What If Equity Investment Is Made As Easy As Mutual Funds?
If the complications of the stock market are the only things stopping retail investors from investing then that can be easily taken care of. In fact, there are ways to make your equity investment as easy as the mutual fund. Your best foot forward would be to avail services of either portfolio management service or a stock advisory firm.
Niveza is a stock advisory firm. It specialises in picking midcap stocks for short-term as well as long-term investment. Here are some of the reasons why Niveza is your ideal choice for a successful investment experience.
- Stock calls based on thorough fundamental research
- Easy to understand research reports are shared with the subscribers
- Entry points and exit points are specified in stock calls
- Investors get to consult the in-house research analysts
- Portfolio review from research analysts for stock not recommended by Niveza
- Periodical review of all the open stock calls
- As easy and hassle-free as mutual fund
To illustrate this point further here are some of the stocks recommended by Niveza in 2017 which have given good returns.

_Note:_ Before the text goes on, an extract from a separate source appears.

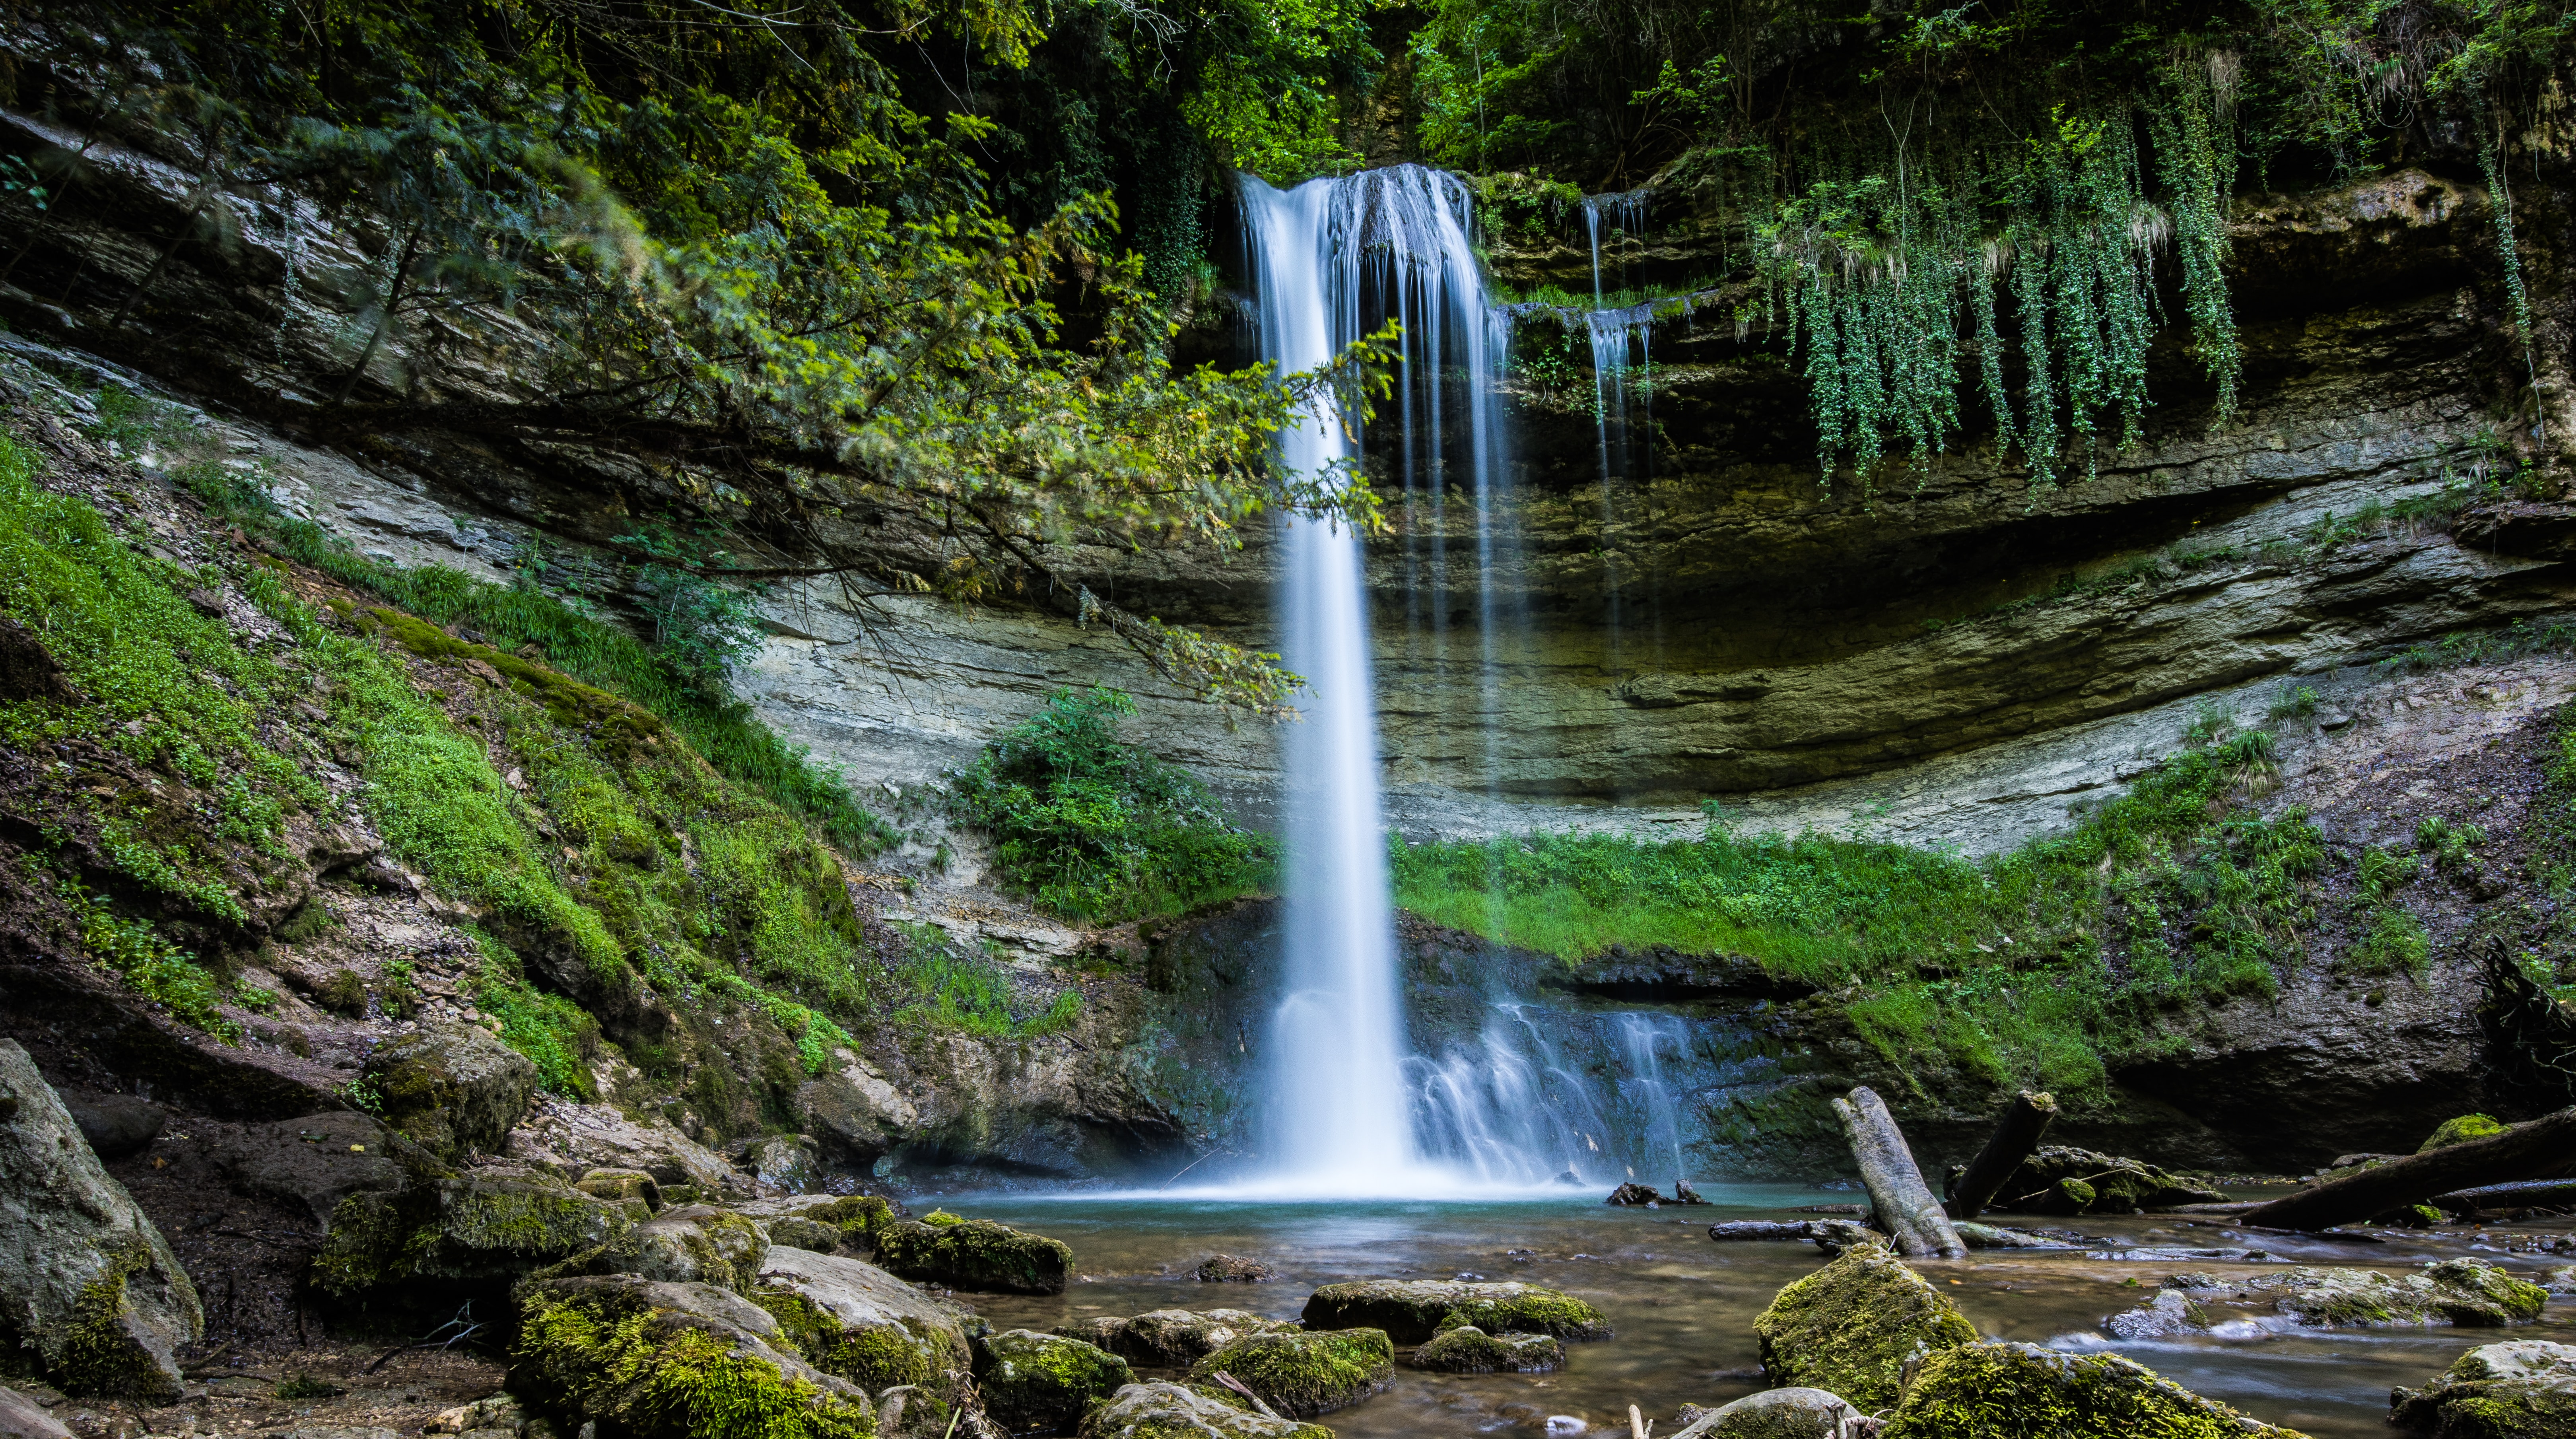 111122 завантажити шпалери Пейзаж, Природа, Вода, Скелі, Порід, Водоспад - заставки і картинки безкоштовно

|Company||Entry Date||Entry Price||Exit Date||Exit Price||Gain/Loss||Duration|
|Indiabulls Real Estate Ltd||03/20/17||82.5||04/19/17||129.55||37.92%||30 Days|
|GHCL Ltd||03/14/17||266.5||12/18/17||319.9||20.04%||279 Days|
|Banco Products (India) Ltd||02/21/17||201.5||05/05/17||247.35||22.75%||73 Days|
|Gujarat Alkalies and Chemicals Ltd||02/10/17||379||04/27/17||472.5||20.65%||76 Days|
|Sarda Energy and Minerals Ltd||02/09/17||249||07/24/17||307||23.29%||165 Days|
|Talwalkars Better Value Fitness Ltd||02/07/17||228.5||05/03/17||283.05||21.63%||85 Days|
|Tata Coffee Ltd||01/18/17||124||7/11/170||149.3||20.40%||174 Days|
|Lloyd Electric and Engineering Ltd.||01/10/17||270||02/17/17||337||22.36%||38 Days|
The stocks in the above-mentioned table were given in the year 2017. These are the short-term calls (3-6 months). You might wonder if the mutual fund is giving 33% returns and the average returns of these stocks come to somewhere around 27% then why should one go for equity?
Take a closer look and you would see the beauty of short-term investment. In a short-term, once you book profits in one stock you get the opportunity to roll over your capital and the profits in a new stock. In a way, you are getting the benefit of compounding. Hence, it's a smart investment decision to have some part of your capital invested in equity.